Like I was saying, remember cassette recorders/players?

Remember when they first came out, the 'Eject' function was a bit clunky? It would either fail to fully eject and you'd have to manually help it along or it would shoot out with manic force and just about send the tape shooting off into the troposphere. Then some boffin at Sony or Philips or somewhere similar invented the damped-eject mechanism. You press the button and the door glides silently open - no clunk, no smash, no jam. Nice. Quiet. Nice.

If you are a person that remembers damped-eject with fondness, then take a gander at this...



One thing I am noticing more and more is an anti-80s backlash. Today's yoof seem to be convinced that nothing good came out of the 80s, citing such references as The A-Team and Kajagoogoo as "proof". Just tonight a 20-year-old young lady of my acquaintance started going on about how 80s music was shit, referring to her experience at an 80s bar (a phenomenon I'd never heard of, but where do I sign?) where there was a cardboard cutout of The Hoff standing next to a replica of KITT.

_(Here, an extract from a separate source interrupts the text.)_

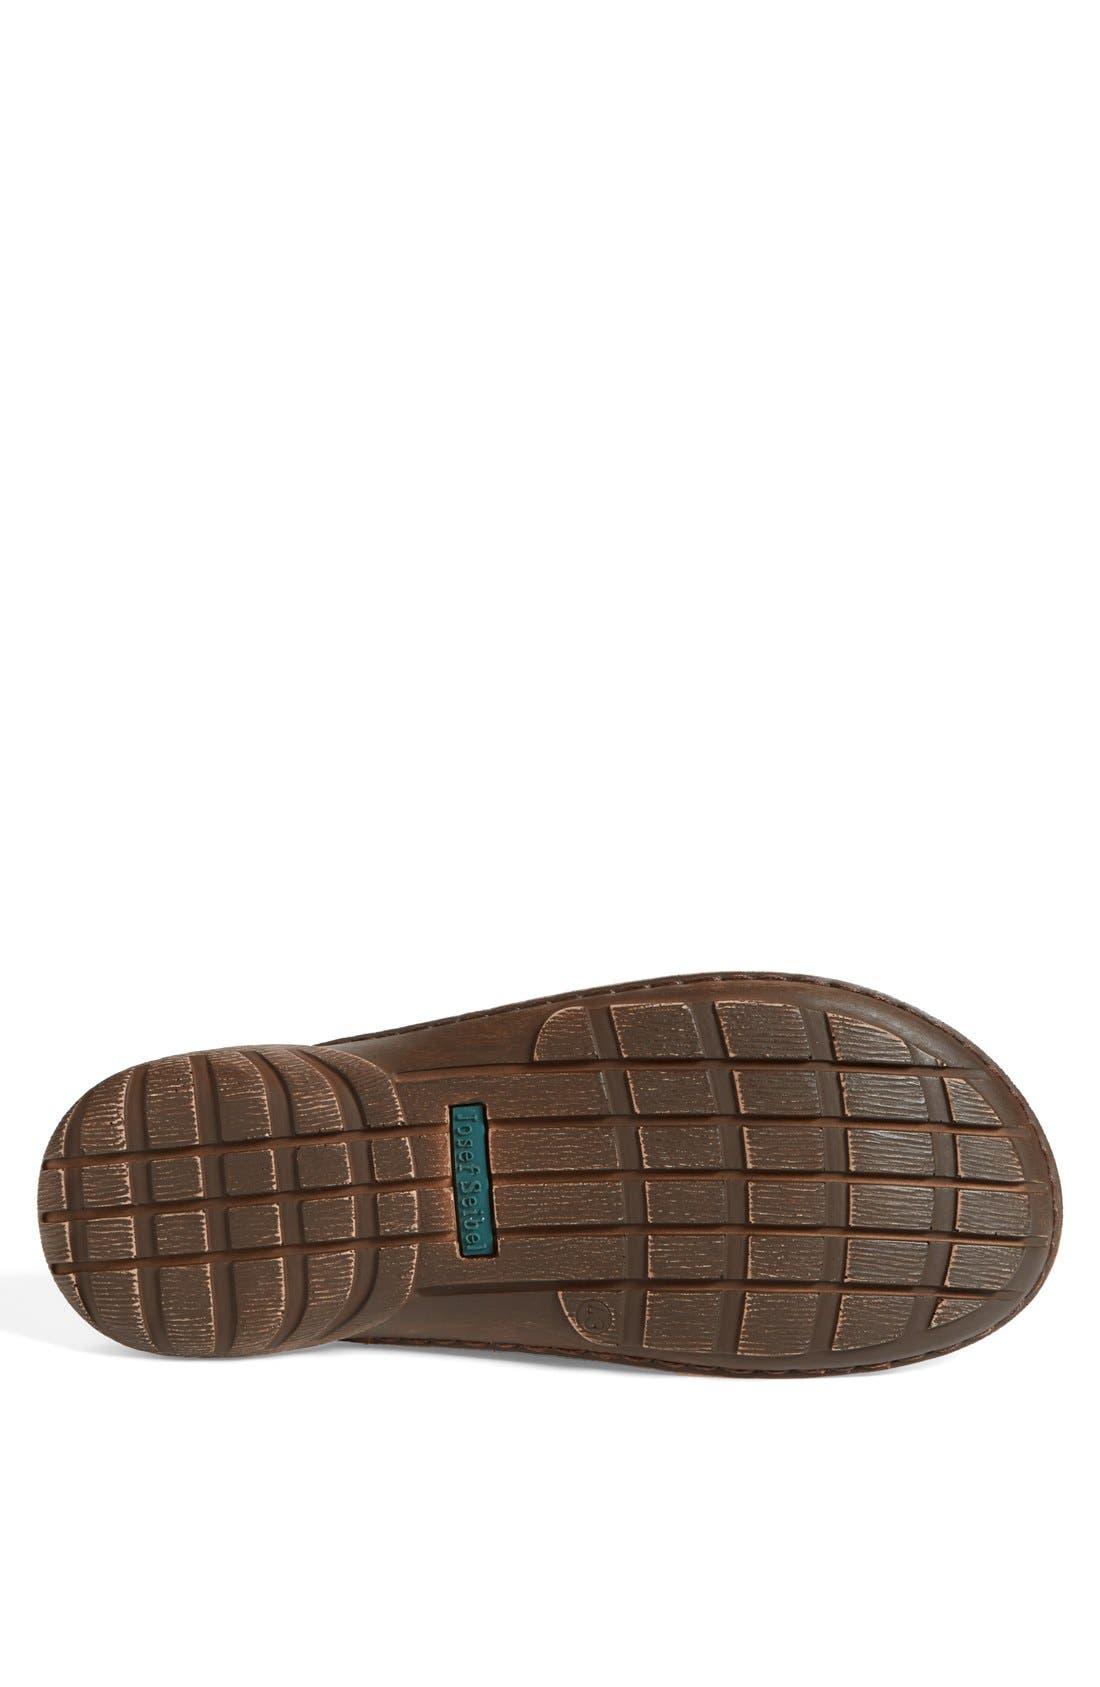 'Logan 21' Slide Sandal,                             Alternate thumbnail 4, color,                             Nut

OK, so those are bad examples. But yesterday I saw a book that absolutely incensed me. Obviously written for laughs, Wayne Williams' "The Crap Old Days: Why All That Stuff Was Actually Rubbish" is a sideswipe to all the stuff that seemed cool at the time but is actually a load of old tat. However, skimming through the book just angered me. I actually liked about 90% of the things it talked about. It seems that although this is not the first generation to look on the past and laugh, this one is the harshest. Having lived through the 70s and 80s I can attest that although there were lots of things about that era that sucked, there were also many many things that blow today's stuff out of the water. And yes, my Walkman is one of those things. I cannot get as excited about an iPod as I can the thrill of putting that precious cassette into the machine, clicking Play and hearing Run-DMC's "Raising Hell" for the first time. And what's so crummy, might I ask, about Rubik Cubes? They are still difficult. And fun. Get your face out of that godforsaken Xbox and try it.

Perhaps the young lady at the 80s bar went on a bad night. Or perhaps she's just one of those typical younguns who thinks that making every punk anthem sound like a stadium epic is the way things ought to be. The 80s music scene was not as shit as it seems... granted, the Top 40 was dire, full of Foreigner and Styx, Alexander O'Neal and Luther Vandross (yeah, "dross" is right), Renee and Renato and other cheesy nonsense. But this was also the decade that brought us The Smiths, Depeche Mode, Nick Cave, Soft Cell, New Order, The Art Of Noise, Orange Juice, Bauhaus, The Cure... the decade that gave us Eddie Murphy, Ghostbusters, Tom Hanks (impossible not to like him),   Back To The Future, Metallica, Weird Al, Fast Times At Ridgemont High, Ferris Bueller, John Hughes, Balki, Madonna, Columbia House, synthesisers, Michael Jackson when he was actually good, Muppet Babies, Inspector Gadget, Hanoi Rocks, The Wonder Years, Roseanne, The Cosby Show, The Young Ones, Blackadder, Ben Elton...

Any more suggestions?

If it weren't for that one boffin and his damped-eject, we'd all be having toilet seats that slammed down and woke everyone else up. That was a stellar idea, and guess what? It came from the 80s!